知乎爬虫逻辑的实现以及item loder方式提取

工具类和settings.py的必要设置

utils.common工具类:

#common.py

def extract_num(text):
    #从字符串中提取出数字
    match_re = re.match(".*?(\d+).*", text)
    if match_re:
        nums = int(match_re.group(1))
    else:
        nums = 0

    return nums

设置日期输出格式和ITEM_PIPELINES,settings.py

ITEM_PIPELINES = {
    'ArticleSpider.pipelines.MysqlTwistedPipline': 4,
}

SQL_DATETIME_FORMAT = "%Y-%m-%d %H:%M:%S"
SQL_DATE_FORMAT = "%Y-%m-%d"

知乎spider爬虫逻辑的实现

#zhihu.py
import scrapy
from urllib import parse
import re
import datetime
from items import ZhihuQuestionItem,ZhihuAnswerItem
from scrapy.loader import ItemLoader
import json

class ZhihuSpider(scrapy.Spider):
    name = 'zhihu'
    allowed_domains = ['www.zhihu.com']
    start_urls = ['https://www.zhihu.com/']

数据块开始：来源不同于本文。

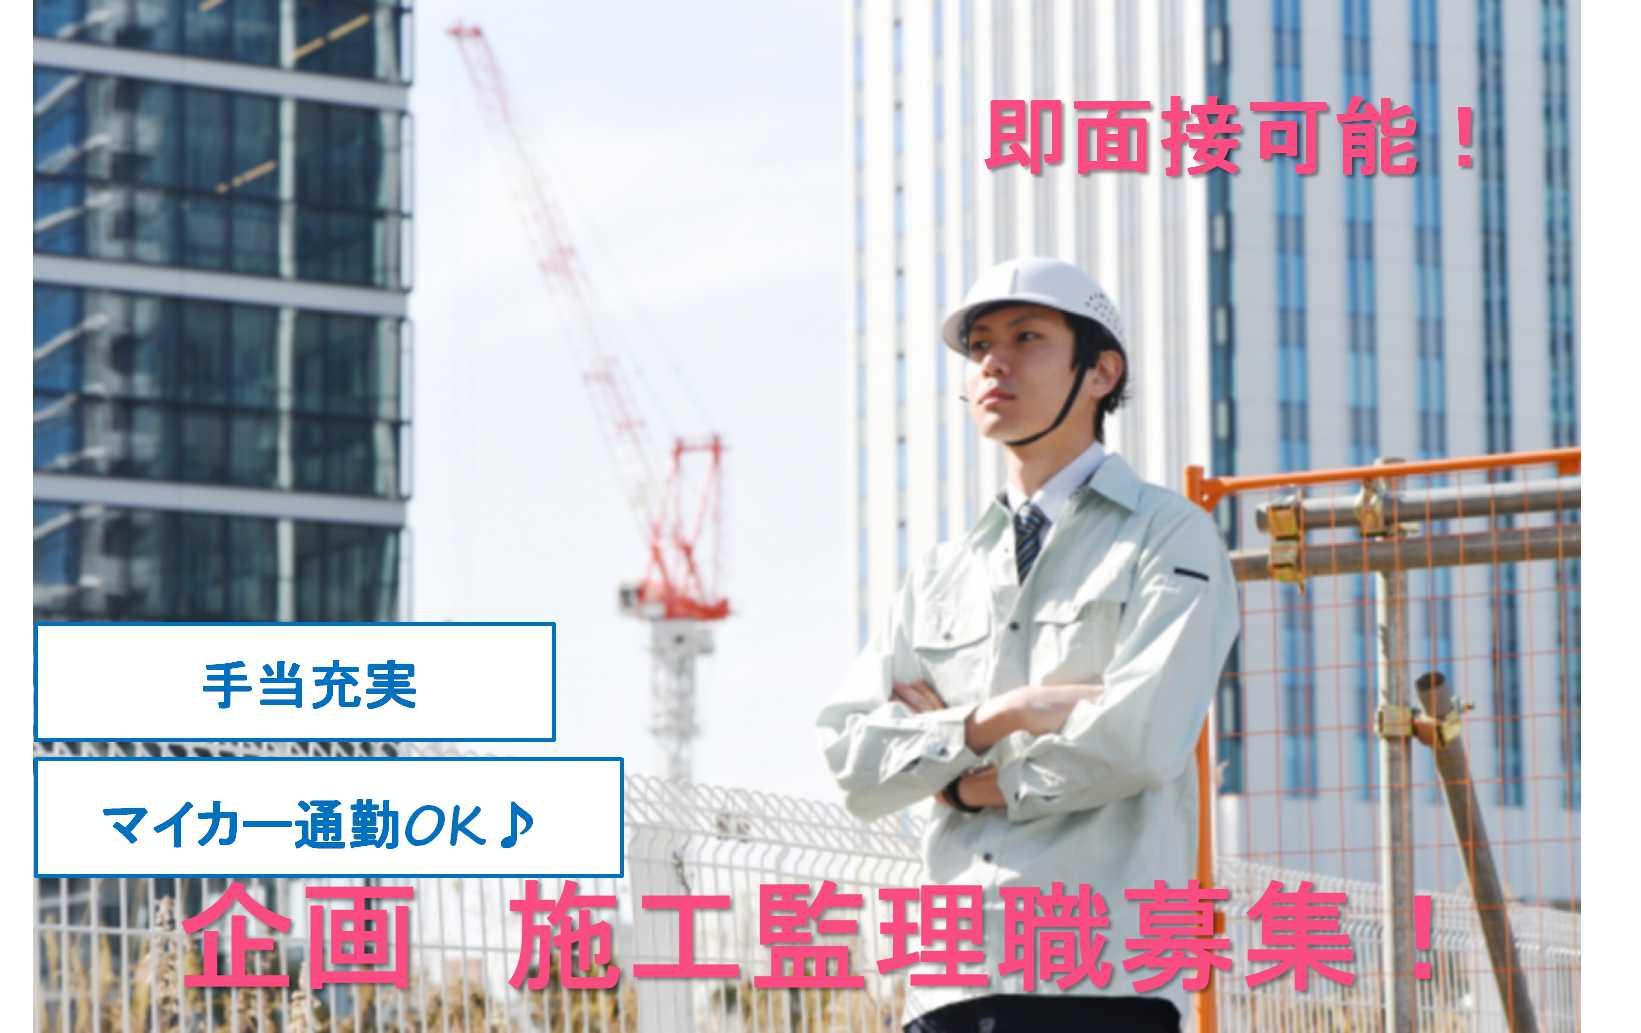 資格や経験を活かせる!月給23万円以上!企画・施工監理職【即面談可能】 イメージ

    # question的第一页answer的请求url
    start_answer_url = "https://www.zhihu.com/api/v4/questions/{0}/answers?include=data%5B%2A%5D.is_normal%2Cadmin_closed_comment%2Creward_info%2Cis_collapsed%2Cannotation_action%2Cannotation_detail%2Ccollapse_reason%2Cis_sticky%2Ccollapsed_by%2Csuggest_edit%2Ccomment_count%2Ccan_comment%2Ccontent%2Ceditable_content%2Cvoteup_count%2Creshipment_settings%2Ccomment_permission%2Ccreated_time%2Cupdated_time%2Creview_info%2Crelevant_info%2Cquestion%2Cexcerpt%2Crelationship.is_authorized%2Cis_author%2Cvoting%2Cis_thanked%2Cis_nothelp%2Cis_labeled%2Cis_recognized%2Cpaid_info%2Cpaid_info_content%3Bdata%5B%2A%5D.mark_infos%5B%2A%5D.url%3Bdata%5B%2A%5D.author.follower_count%2Cbadge%5B%2A%5D.topics&limit={1}&offset={2}&platform=desktop&sort_by=default"


    headers = {
        "HOST": "www.zhihu.com",
        "Referer": "https://www.zhizhu.com",
        'User-Agent': "Mozilla/5.0 (Windows NT 6.1; WOW64; rv:51.0) Gecko/20100101 Firefox/51.0"
    }

    def parse(self, response):
        """
        提取出html页面中的所有url 并跟踪这些url进行一步爬取
        如果提取的url中格式为 /question/xxx 就下载之后直接进入解析函数
        """
        all_urls = response.css("a::attr(href)").extract()
        all_urls = [parse.urljoin(response.url,url) for url in all_urls]
        #filter() 函数用于过滤序列,过滤掉不符合条件的元素,匿名函数传递入x
        all_urls = filter(lambda x:True if x.startswith("https") else False, all_urls)
        for url in all_urls:
            match_obj = re.match("(.*zhihu.com/question/(\d+))(/|$).*", url)
            if match_obj:
                request_url = match_obj.group(1)
                yield scrapy.Request(request_url,headers=self.headers,callback=self.parse_question)
                # break
            else:
                # 如果不是question页面则直接进一步跟踪
                yield scrapy.Request(url,headers=self.headers,callback=self.parse)

        pass


    def parse_question(self,response):
        # 处理question页面, 从页面中提取出具体的question item
        match_obj = re.match("(.*zhihu.com/question/(\d+))(/|$).*", response.url)
        if match_obj:
            question_id = int(match_obj.group(2))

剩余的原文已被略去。